==== RECORDS PROVIDED
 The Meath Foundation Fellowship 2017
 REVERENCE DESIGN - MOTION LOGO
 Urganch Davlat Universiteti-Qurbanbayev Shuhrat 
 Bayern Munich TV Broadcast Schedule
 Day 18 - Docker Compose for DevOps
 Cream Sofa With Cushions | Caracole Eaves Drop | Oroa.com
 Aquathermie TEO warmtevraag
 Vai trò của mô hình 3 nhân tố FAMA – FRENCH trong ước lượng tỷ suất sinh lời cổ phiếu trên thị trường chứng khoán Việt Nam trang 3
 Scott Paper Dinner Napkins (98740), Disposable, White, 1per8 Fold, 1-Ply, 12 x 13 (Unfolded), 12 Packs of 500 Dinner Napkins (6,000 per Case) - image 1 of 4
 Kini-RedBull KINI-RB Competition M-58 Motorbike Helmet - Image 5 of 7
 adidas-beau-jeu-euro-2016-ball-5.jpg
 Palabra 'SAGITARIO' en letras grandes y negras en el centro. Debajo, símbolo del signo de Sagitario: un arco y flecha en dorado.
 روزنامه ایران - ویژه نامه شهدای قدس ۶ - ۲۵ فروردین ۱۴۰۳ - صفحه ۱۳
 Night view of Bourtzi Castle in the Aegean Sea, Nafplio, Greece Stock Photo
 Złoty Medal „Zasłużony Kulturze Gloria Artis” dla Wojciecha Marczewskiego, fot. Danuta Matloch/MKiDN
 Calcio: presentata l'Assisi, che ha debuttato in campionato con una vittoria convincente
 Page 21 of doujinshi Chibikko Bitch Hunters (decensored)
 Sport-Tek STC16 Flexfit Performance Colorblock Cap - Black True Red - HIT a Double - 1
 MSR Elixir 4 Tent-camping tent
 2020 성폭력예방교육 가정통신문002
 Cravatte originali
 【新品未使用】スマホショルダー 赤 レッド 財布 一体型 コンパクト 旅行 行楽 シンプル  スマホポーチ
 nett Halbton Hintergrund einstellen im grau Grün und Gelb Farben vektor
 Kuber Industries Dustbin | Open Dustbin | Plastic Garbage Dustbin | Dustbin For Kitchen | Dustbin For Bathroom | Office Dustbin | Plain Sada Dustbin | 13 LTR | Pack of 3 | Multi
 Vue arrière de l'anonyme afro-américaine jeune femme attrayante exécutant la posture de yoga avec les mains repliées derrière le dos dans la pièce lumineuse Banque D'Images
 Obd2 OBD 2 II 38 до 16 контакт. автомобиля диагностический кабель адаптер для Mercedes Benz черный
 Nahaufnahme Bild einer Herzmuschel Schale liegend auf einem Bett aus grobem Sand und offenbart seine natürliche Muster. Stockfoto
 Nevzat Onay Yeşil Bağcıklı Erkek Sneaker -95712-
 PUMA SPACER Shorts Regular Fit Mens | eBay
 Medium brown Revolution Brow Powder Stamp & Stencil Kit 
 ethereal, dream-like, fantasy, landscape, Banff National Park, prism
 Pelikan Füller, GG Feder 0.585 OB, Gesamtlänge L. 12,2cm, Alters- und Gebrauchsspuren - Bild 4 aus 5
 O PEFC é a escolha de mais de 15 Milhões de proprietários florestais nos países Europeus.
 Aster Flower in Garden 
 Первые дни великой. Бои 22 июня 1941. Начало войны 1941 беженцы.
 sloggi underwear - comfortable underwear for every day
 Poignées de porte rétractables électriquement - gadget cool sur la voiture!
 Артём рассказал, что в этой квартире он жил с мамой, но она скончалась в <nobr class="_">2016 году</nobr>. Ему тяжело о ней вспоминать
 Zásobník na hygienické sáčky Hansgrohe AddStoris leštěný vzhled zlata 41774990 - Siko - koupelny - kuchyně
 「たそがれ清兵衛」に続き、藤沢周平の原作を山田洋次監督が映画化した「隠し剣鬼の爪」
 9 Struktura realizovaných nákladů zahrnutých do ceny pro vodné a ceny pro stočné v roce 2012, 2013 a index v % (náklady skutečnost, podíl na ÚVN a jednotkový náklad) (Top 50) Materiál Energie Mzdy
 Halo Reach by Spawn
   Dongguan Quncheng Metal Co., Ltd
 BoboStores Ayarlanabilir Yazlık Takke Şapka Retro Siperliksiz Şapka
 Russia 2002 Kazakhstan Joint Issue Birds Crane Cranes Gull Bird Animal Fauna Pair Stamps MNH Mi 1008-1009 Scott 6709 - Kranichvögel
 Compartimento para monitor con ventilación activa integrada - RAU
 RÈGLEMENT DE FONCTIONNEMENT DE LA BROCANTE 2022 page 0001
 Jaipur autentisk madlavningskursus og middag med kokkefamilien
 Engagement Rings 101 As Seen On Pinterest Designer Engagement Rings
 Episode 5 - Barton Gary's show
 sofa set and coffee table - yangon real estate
========
EXERCISE OBJECTIVE: Search the listing above for the string "Bild". Copy every line that contains it.

OUTPUT OF THE EXERCISE:
 Nahaufnahme Bild einer Herzmuschel Schale liegend auf einem Bett aus grobem Sand und offenbart seine natürliche Muster. Stockfoto
 Pelikan Füller, GG Feder 0.585 OB, Gesamtlänge L. 12,2cm, Alters- und Gebrauchsspuren - Bild 4 aus 5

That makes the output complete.